Let’s start with the lights. For about 10 months of the year, we play our matches outside. Sometimes the sun blocks your vision of your ball toss. Other days, clouds shield the sky and you play under overcast skies.
But at The O2, we have plenty of light, and it’s all on you. Maybe it’s this way because of the many concerts the venue hosts, but, during play, the arena can feel like a theatre. The lights – the very bright lights – are on us, the performers, and the bulbs on the crowd stay dimmed.
This is a good thing, too. It’s so much easier to see the ball inside The O2 than anywhere else on the ATP World Tour. The theatre analogy works to describe the tennis crowd in London as well. Most crowds are respectful, maybe cheering at climax moments – tie-breaks or whenever Andy Murray steps within 50 metres – but the majority of the time, London tennis fans watch attentively and cheer when appropriate.
The lights also shine on you when you walk onto the court during one of our sport’s most special on-court introductions. The videos on the jumbo-tron before the match. The public announcer shouting your name before you walk through the tunnel. It’s a show that happens to take place before a tennis match, and I’m enjoying every moment of it. Even the most basic part of our game – the sound of the ball hitting the racquet – hits your ear differently because of the acoustics of The O2.

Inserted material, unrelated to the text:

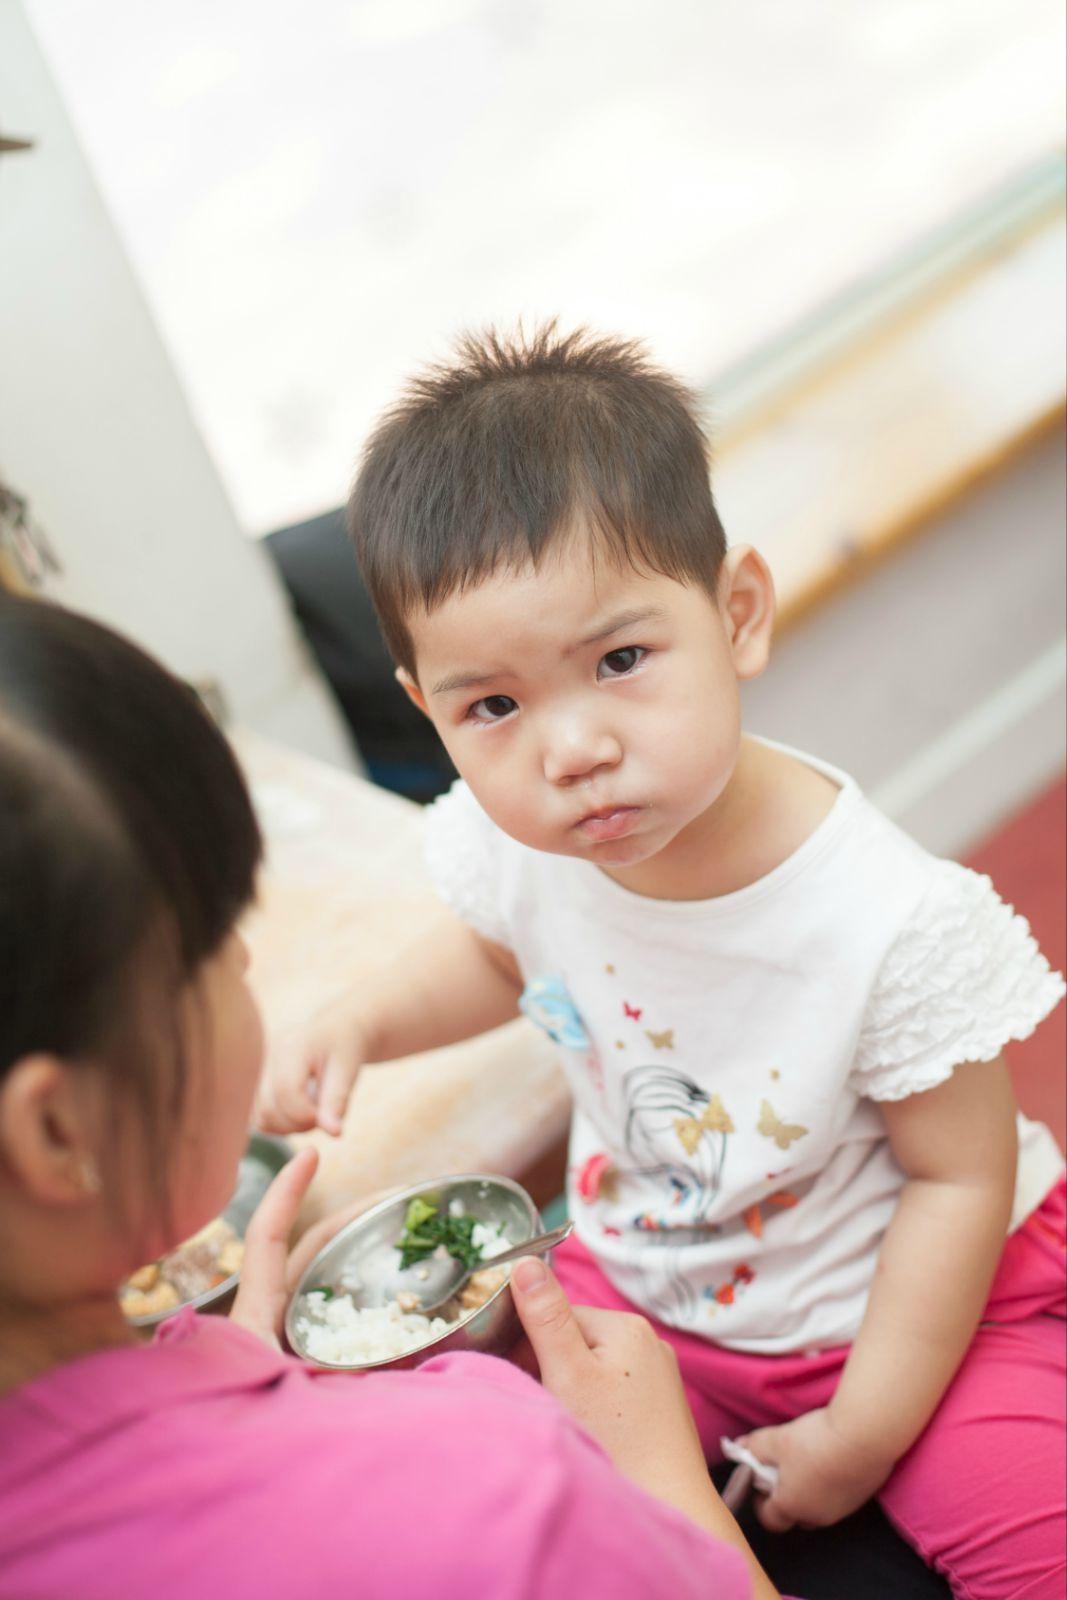 王思田的幼儿园生活——2013年9月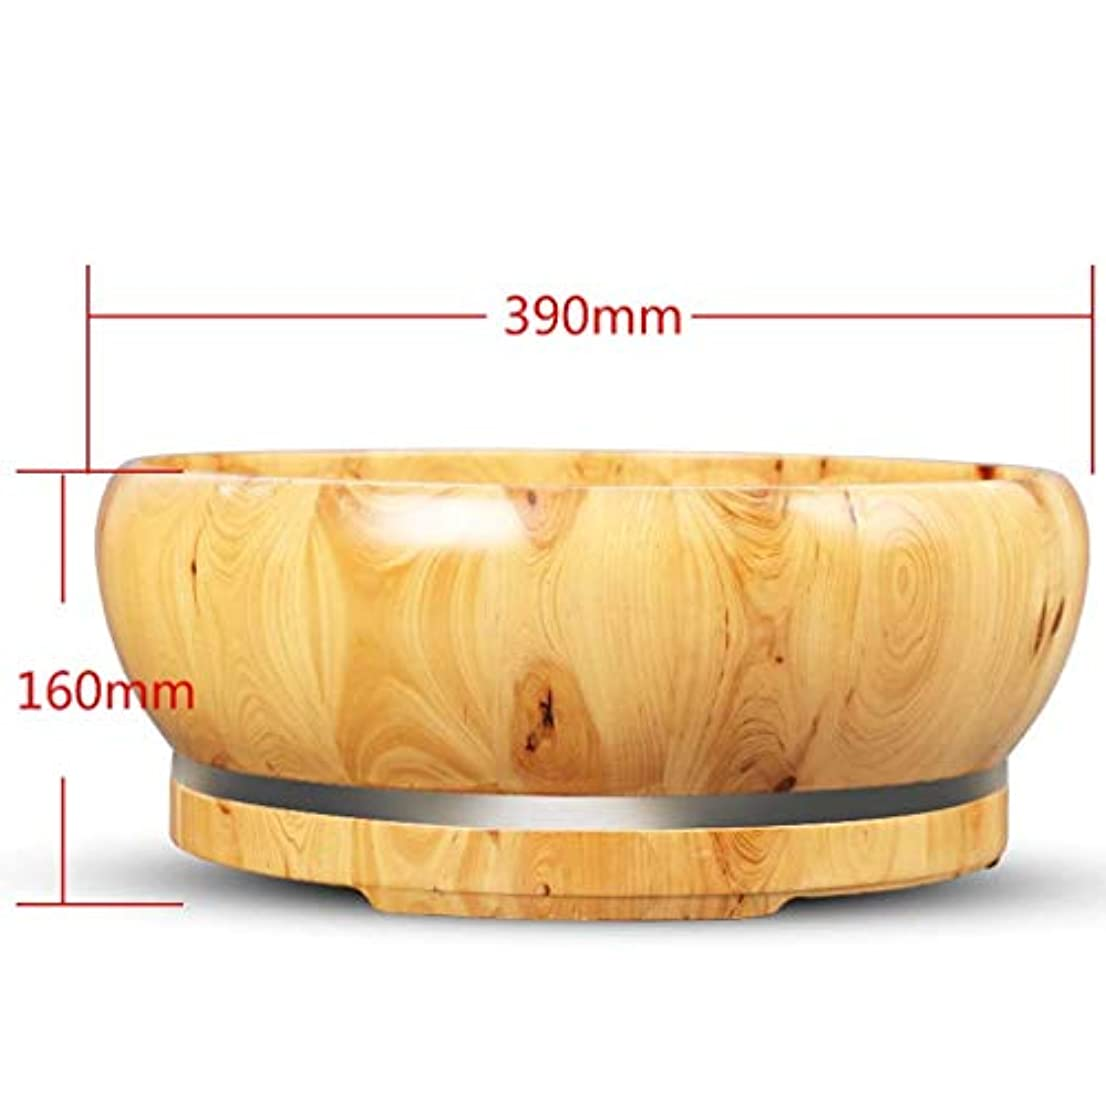 マットレス情熱棚ス浴槽 フットスパ浴槽、木製フットバスボウル家庭用洗面器Fu蒸バレルフットケア浴槽バケットペディキュア肥厚断熱ボウル美容 (Color : Cedar B)

I’m 35 years old – 200 in tennis years – and when you’ve played professional tennis for as many years as I have, you start to think you’re used to everything. You think you’ve seen all the big crowds, played under the brightest lights and in our sport’s biggest stadiums.
But then you make your debut appearance at the Barclays ATP World Tour Finals, and you get to experience something entirely new.